Sehingga regulasi yang dibuat ini setidaknya dapat melestarikan budaya tradisi nyongkolan dan menciptakan keamanan dan kenyamanan di masyarakat dalam mendukung kemajuan sektor pariwisata di Lombok Timur.
"Tantangan yang dihadapi itu harus bisa diatasi dan meningkatkan pembangunan daerah,” katanya.
Baca juga: PDIP Kritisi Kebijakan Gubernur NTB terkait `Nyongkolan`
Adapun piagam gendang beleq yang ditandatangani bersama berisi tentang aturan adalah patuh terhadap UUD 1945 dan Pancasila, patuh terhadap hukum dan perundang- undangan yang berlaku di Indonesia, patuh kepada Peraturan Daerah Provinsi Nusa Tenggara Barat (NTB) nomor 06 tahun 2021 tentang Pemakaian Jalan Untuk Kepentingan Masyarakat.

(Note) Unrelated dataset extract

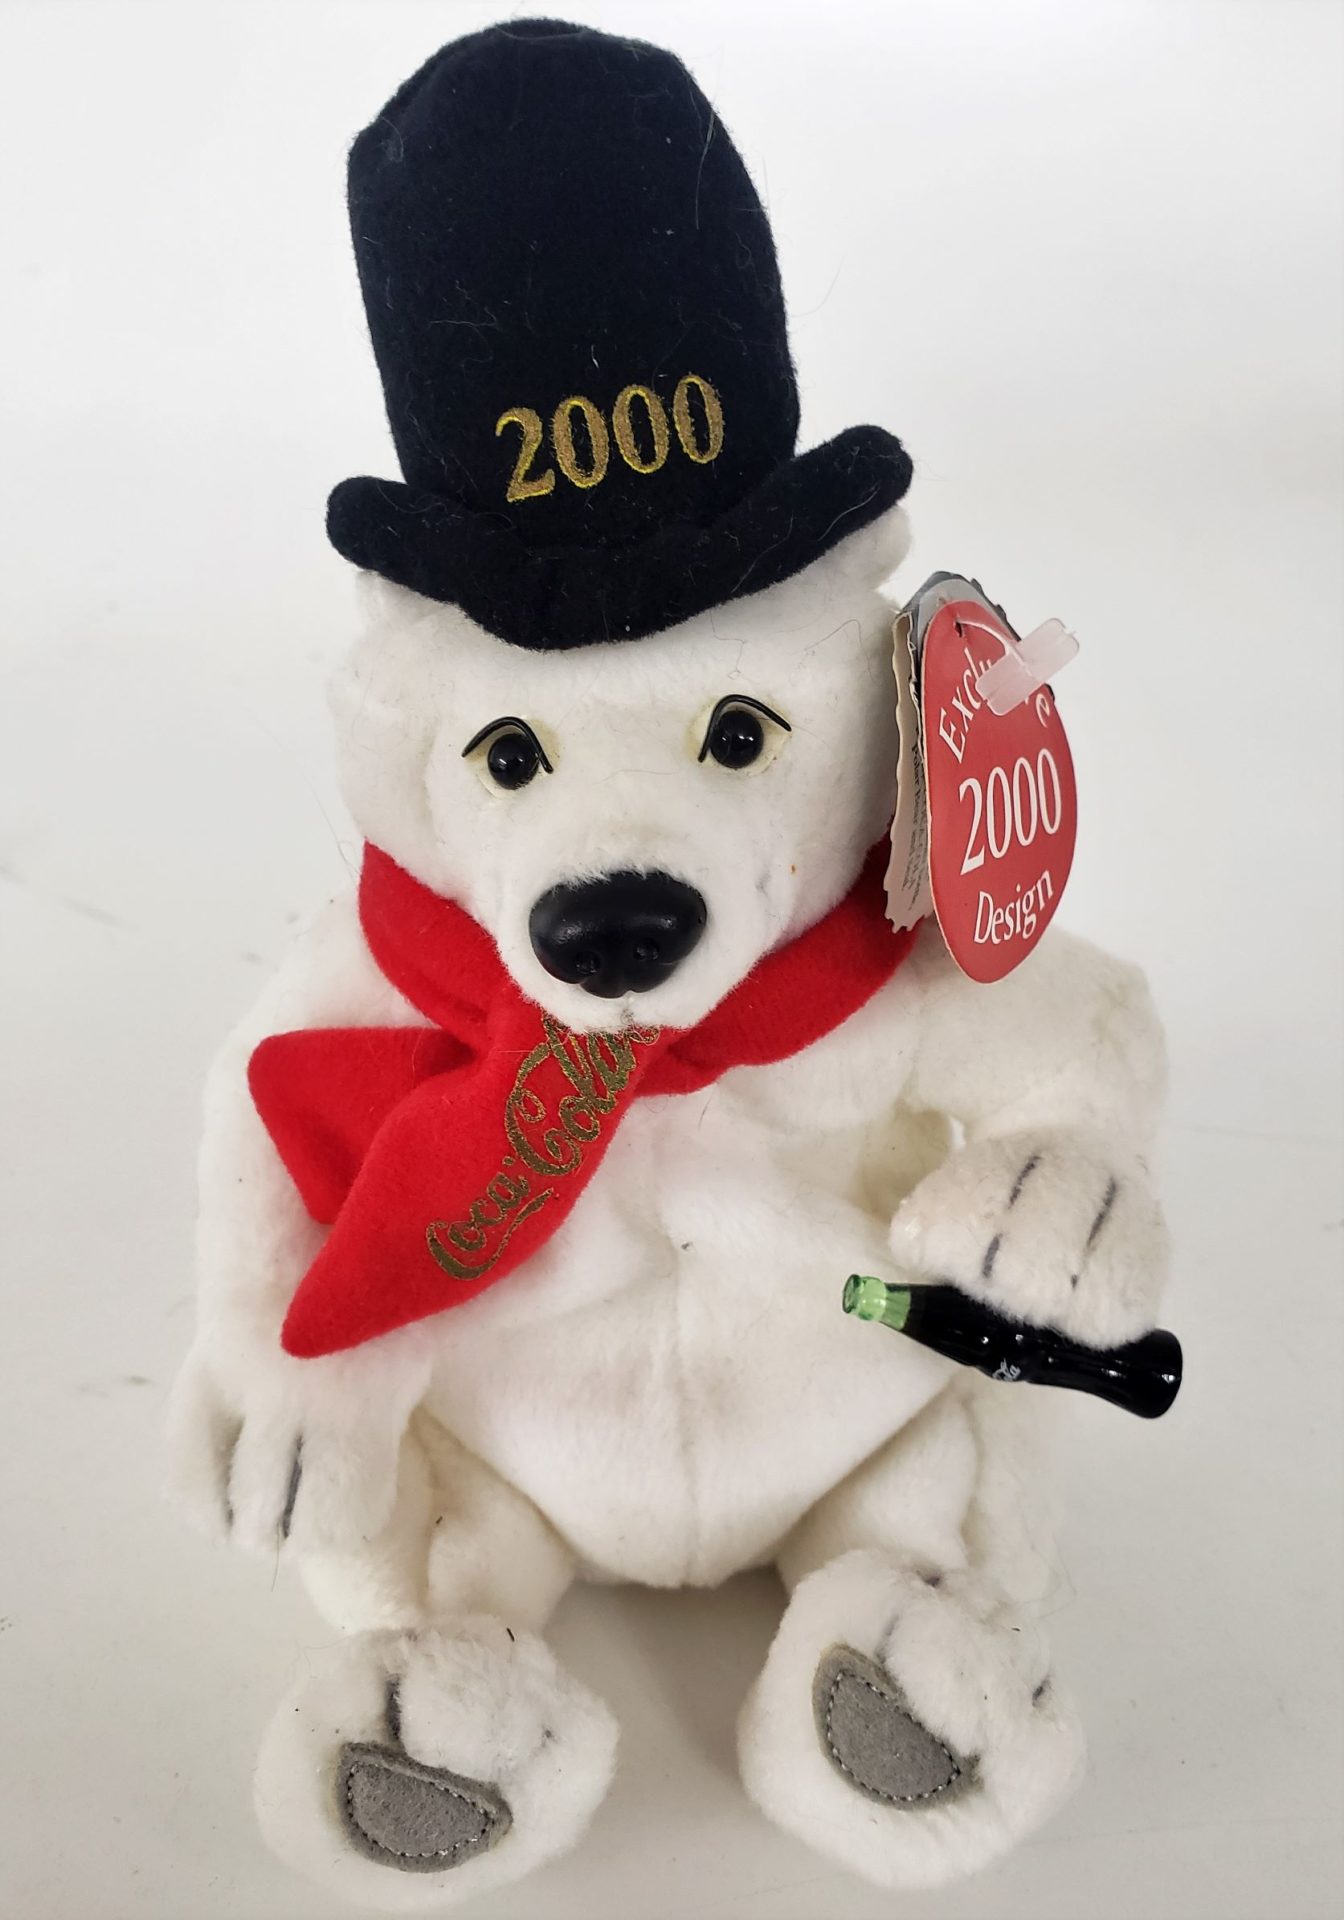 Coca-Cola Polar Bear Bean Bag Plush 2000 Limited Edition 0277 - Nokomis ...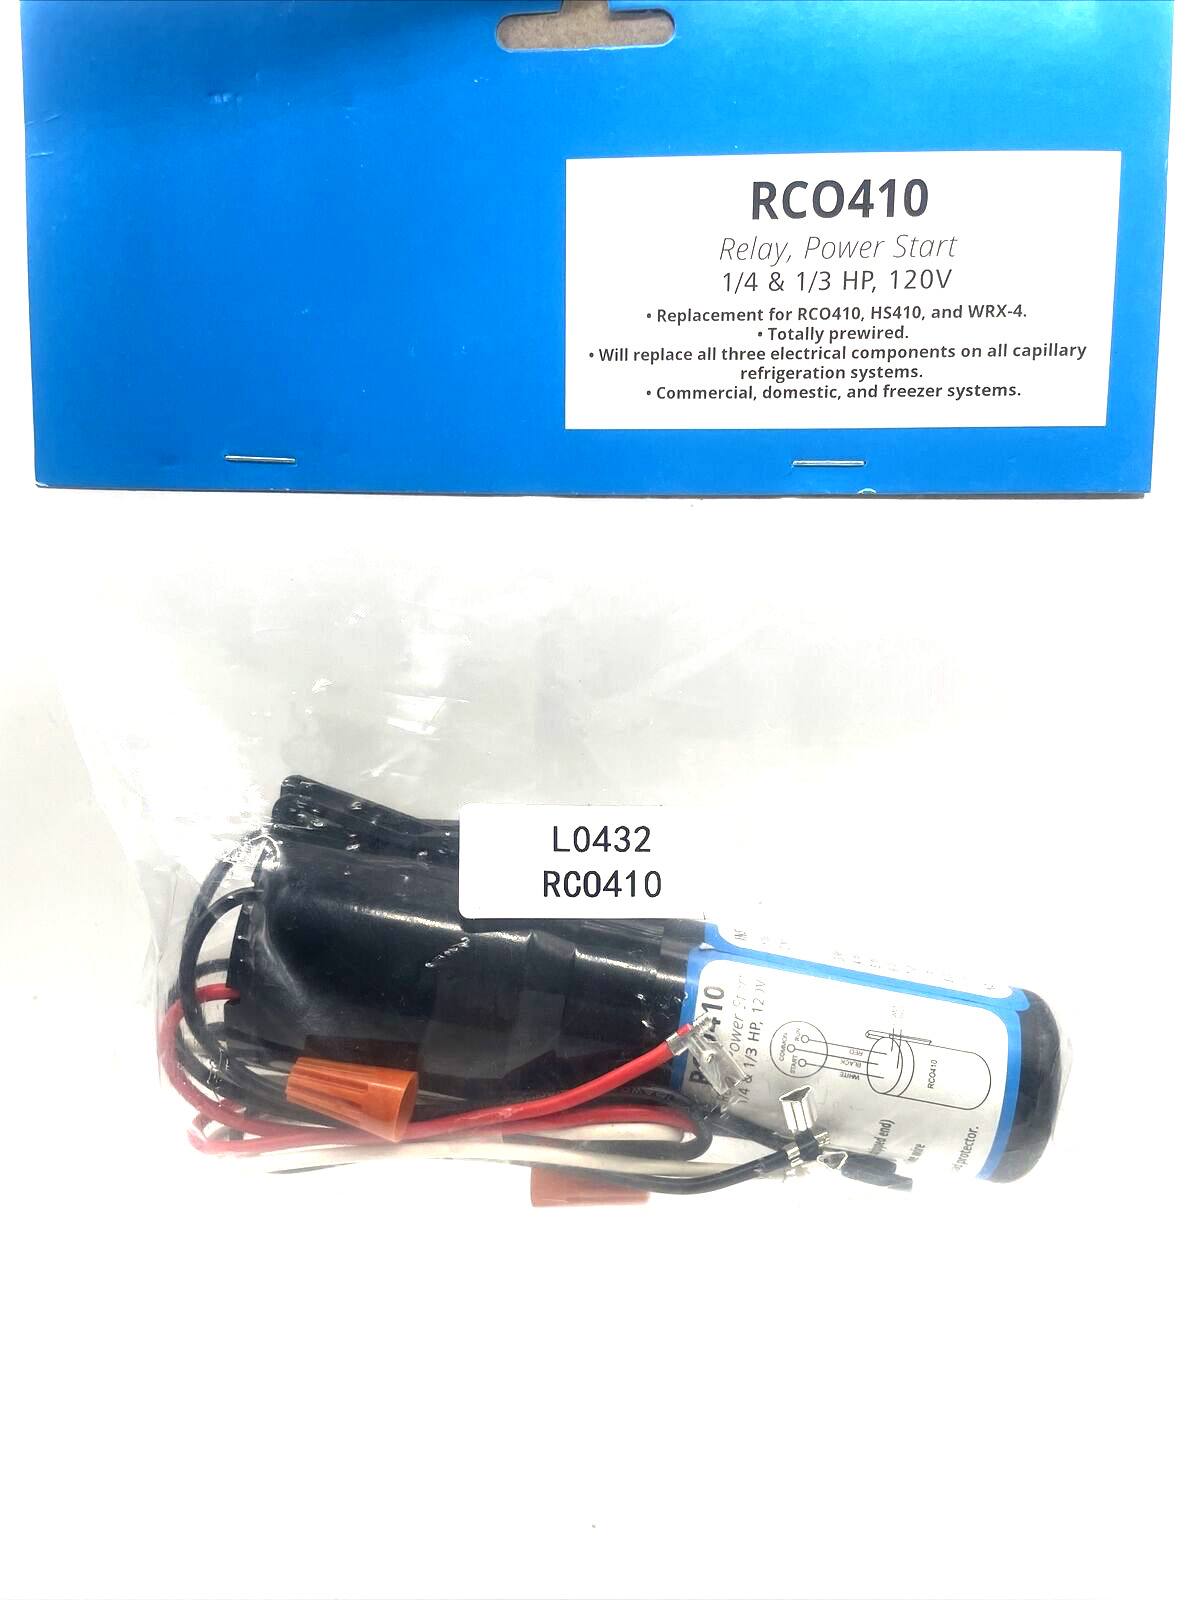 RCO410 3 in 1 Compressor Hard Start Capacitor Kit for Refrigerators & Freezers

Kemudian iringan gendang beleq mulai menabuh dan melangkah maksimal 700 meter ke tempat tujuan acara. Apabila melakukan variasi gendang beleq maksimal dua kali sampai pada tempat tujuan acara, apabila terdengar suara azan terdekat, maka tabuh gendang beleq harus dihentikan.
Menggunakan nada tabuh yang sama jika bertemu dengan sesama gendang beleq lainnya, ketua gendang beleq berkomunikasi dengan kepala aparat pengamanan atau kepolisian.